Looking at the defined partitioner
<https://github.com/apache/spark/blob/branch-1.6/streaming/src/main/scala/org/apache/spark/streaming/dstream/MapWithStateDStream.scala#L112>
it
looks like it could be different from the parent RDD partitioner (if
defaultParallelism() changed for instance, or input partitioning was
smaller to begin with), which will eventually create
<https://github.com/apache/spark/blob/branch-1.6/core/src/main/scala/org/apache/spark/rdd/PairRDDFunctions.scala#L537>
a ShuffleRDD.

Am I reading this right ?

Thanks,
Amit

Re: Does MapWithState follow with a shuffle ?

Posted by "Shixiong(Ryan) Zhu" <sh...@databricks.com>.
Right. And you can specify the partitioner via
"StateSpec.partitioner(partitioner: Partitioner)".

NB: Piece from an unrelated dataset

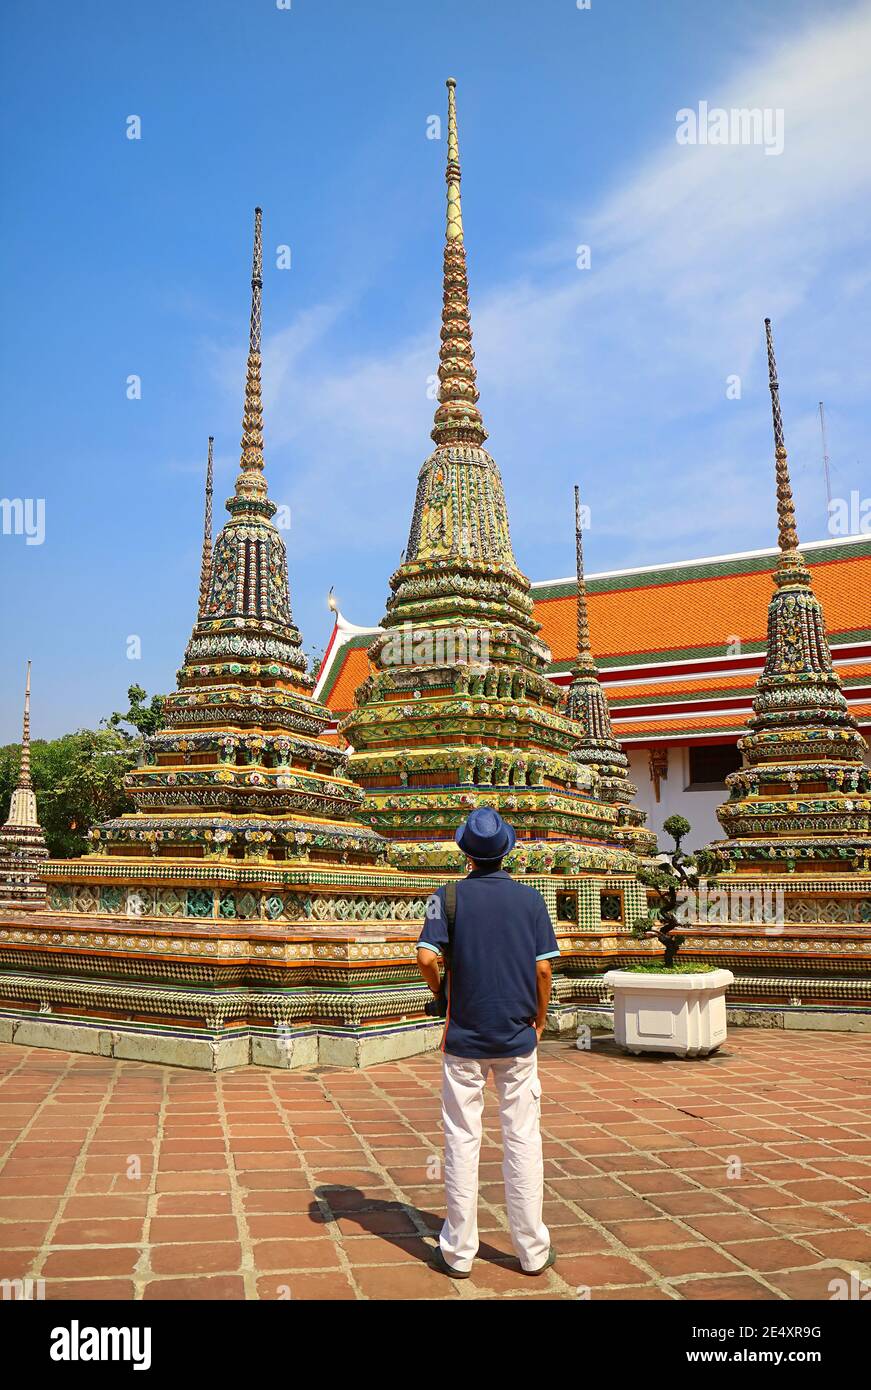 Visitante impresionado por el Grupo de Pagodas en Wat Pho o Templo del Buda Reclining, Bangkok, Tailandia Foto de stock

On Tue, Nov 29, 2016 at 1:16 PM, Amit Sela <am...@gmail.com> wrote:

> Hi all,
>
> I've been digging into MapWithState code (branch 1.6), and I came across
> the compute
> <https://github.com/apache/spark/blob/branch-1.6/streaming/src/main/scala/org/apache/spark/streaming/dstream/MapWithStateDStream.scala#L159>
> implementation in *InternalMapWithStateDStream*.
>
> Looking at the defined partitioner
> <https://github.com/apache/spark/blob/branch-1.6/streaming/src/main/scala/org/apache/spark/streaming/dstream/MapWithStateDStream.scala#L112> it
> looks like it could be different from the parent RDD partitioner (if
> defaultParallelism() changed for instance, or input partitioning was
> smaller to begin with), which will eventually create
> <https://github.com/apache/spark/blob/branch-1.6/core/src/main/scala/org/apache/spark/rdd/PairRDDFunctions.scala#L537>
> a ShuffleRDD.
>
> Am I reading this right ?
>
> Thanks,
> Amit
>